General/orthogonal sheaf maps allow arbitrary rotational relationships — representing the full d-dimensional relational geometry.
Necessary and Sufficient Conditions for Sheaf Heterophily
Necessary condition: For sheaf diffusion to correctly classify heterophilic graphs, the global sections of the learned sheaf must include the task-optimal node features (or a transformation of them that is linearly separable).
Sufficient condition: If the MLP sheaf predictor can represent the restriction maps that make the task-optimal features consistent (the theorem above guarantees such maps exist), and if the learning algorithm finds them, then sheaf diffusion converges to representations that correctly classify heterophilic nodes.
In practice: NSD with diagonal maps has been empirically shown to find approximately correct maps on most heterophilic benchmarks — the maps encode the class-conditional relational geometry automatically.
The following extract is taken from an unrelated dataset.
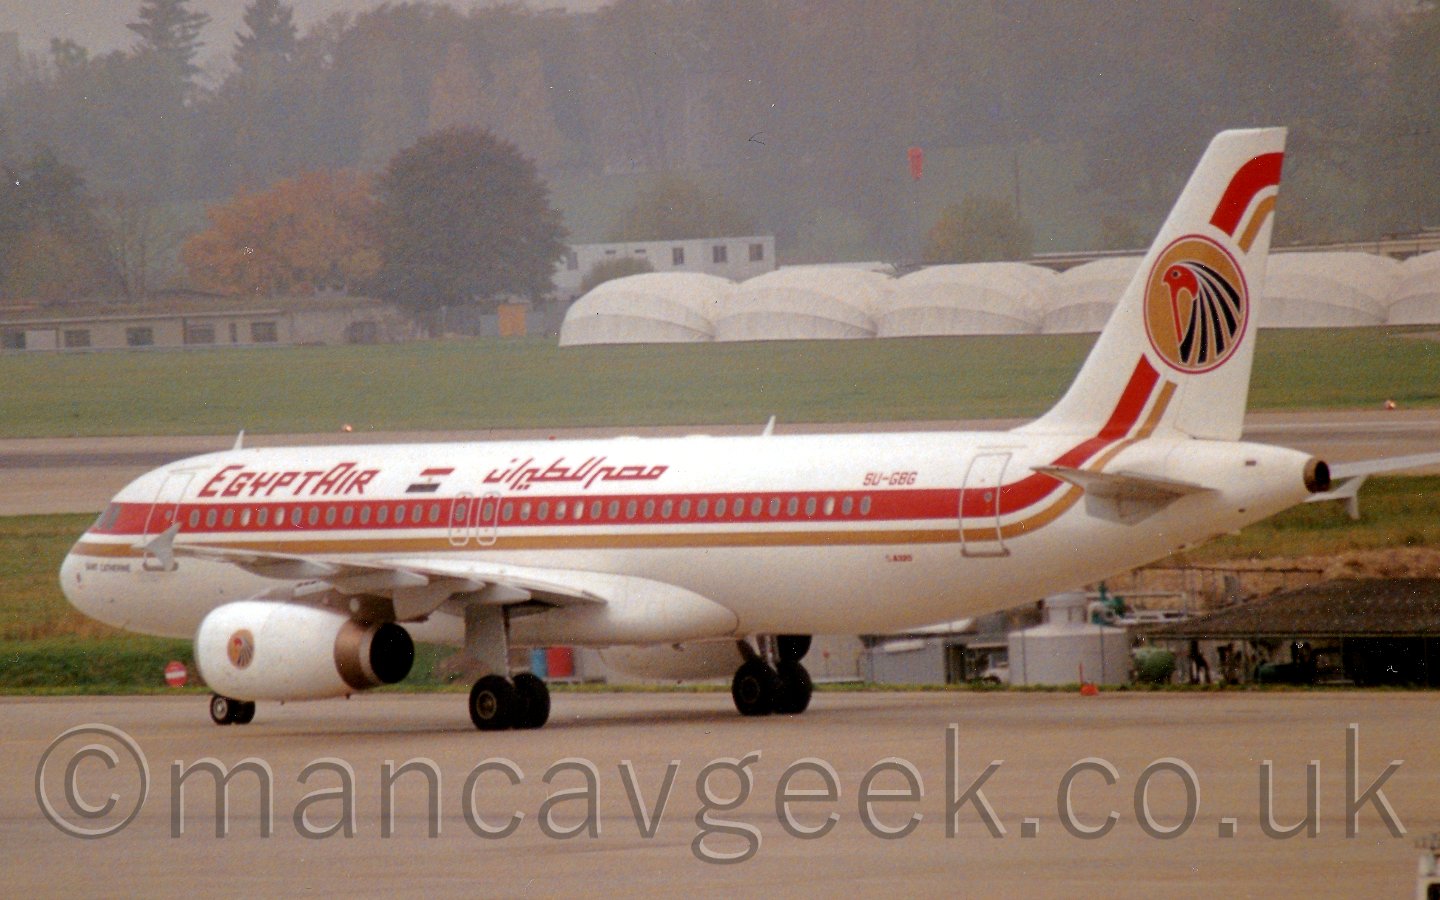 Side view of a twin engined jet airliner taxiing from right to left, facing slightly away from the camera. The plane is mostly white, with a thick red and thin golden stripe running along the body and up in to the tail. There are red EgyptAir titleson the upper forward fuselage, in English and Arabic, on either side of an Egyptian flag. On the tail, there is a golden circle outlined in red, bearing the head of a red bird with blue plumage, actually an image of Horus, one of the Ancient Egyptian Gods, a logo that also appears on the engine pods. In the background, large areas of grass lead off to what appears to be large white circular rigid tents in front of some low buildings, with a tree-covered hillside beyond that slowly vanishing in to haze.

Comparison with Other Heterophily Methods
| Method | Key mechanism | Limitation |
|---|---|---|
| H2GCN (Zhu et al., 2020) | Ego + neighbourhood features | Feature engineering, no principled framework |
| GPRGNN (Chien et al., 2021) | Learnable polynomial in L | Can use high-frequency components but not richer relational structure |
| FAGCN (Bo et al., 2021) | Signed edge attention (scalar sheaf) | Scalar only — all channels treated uniformly |
| NSD | Learned d×d restriction maps | Full relational geometry, requires choosing d |
| PNSD | Learned maps + polynomial filter | Maps + spectral flexibility |
The sheaf framework provides the most principled treatment of heterophily — it explains why heterophily is hard for GCN (wrong null space) and how to fix it (change the null space via restriction maps).
Empirical Validation
On Cornell (h = 0.11, highly heterophilic): 85% accuracy for NSD vs 57% for GCN. The gap is entirely explained by the heterophily account above — GCN’s Dirichlet energy penalises the correct class-conditional feature assignment, while NSD’s Sheaf Dirichlet energy (with learned maps) rewards it.
References
- Bodnar, C., Giovanni, F. D., Chamberlain, B. P., Liò, P., & Bronstein, M. M. (2022). Neural Sheaf Diffusion. NeurIPS 2022 (the main theoretical source for the heterophily account of sheaf GNNs).
- Zhu, M., Wang, X., Shi, C., Ji, H., & Cui, P. (2020). Beyond Homophily in Graph Neural Networks: Current Limitations and Effective Designs. NeurIPS 2020 (H2GCN: the benchmark paper defining heterophily and establishing the empirical baseline that NSD surpasses).
- Bo, D., Wang, X., Shi, C., & Shen, H. (2021). Beyond Low-Frequency Information in Graph Convolutional Networks. AAAI 2021 (FAGCN: signed attention — the scalar sheaf special case of NSD’s full matrix maps).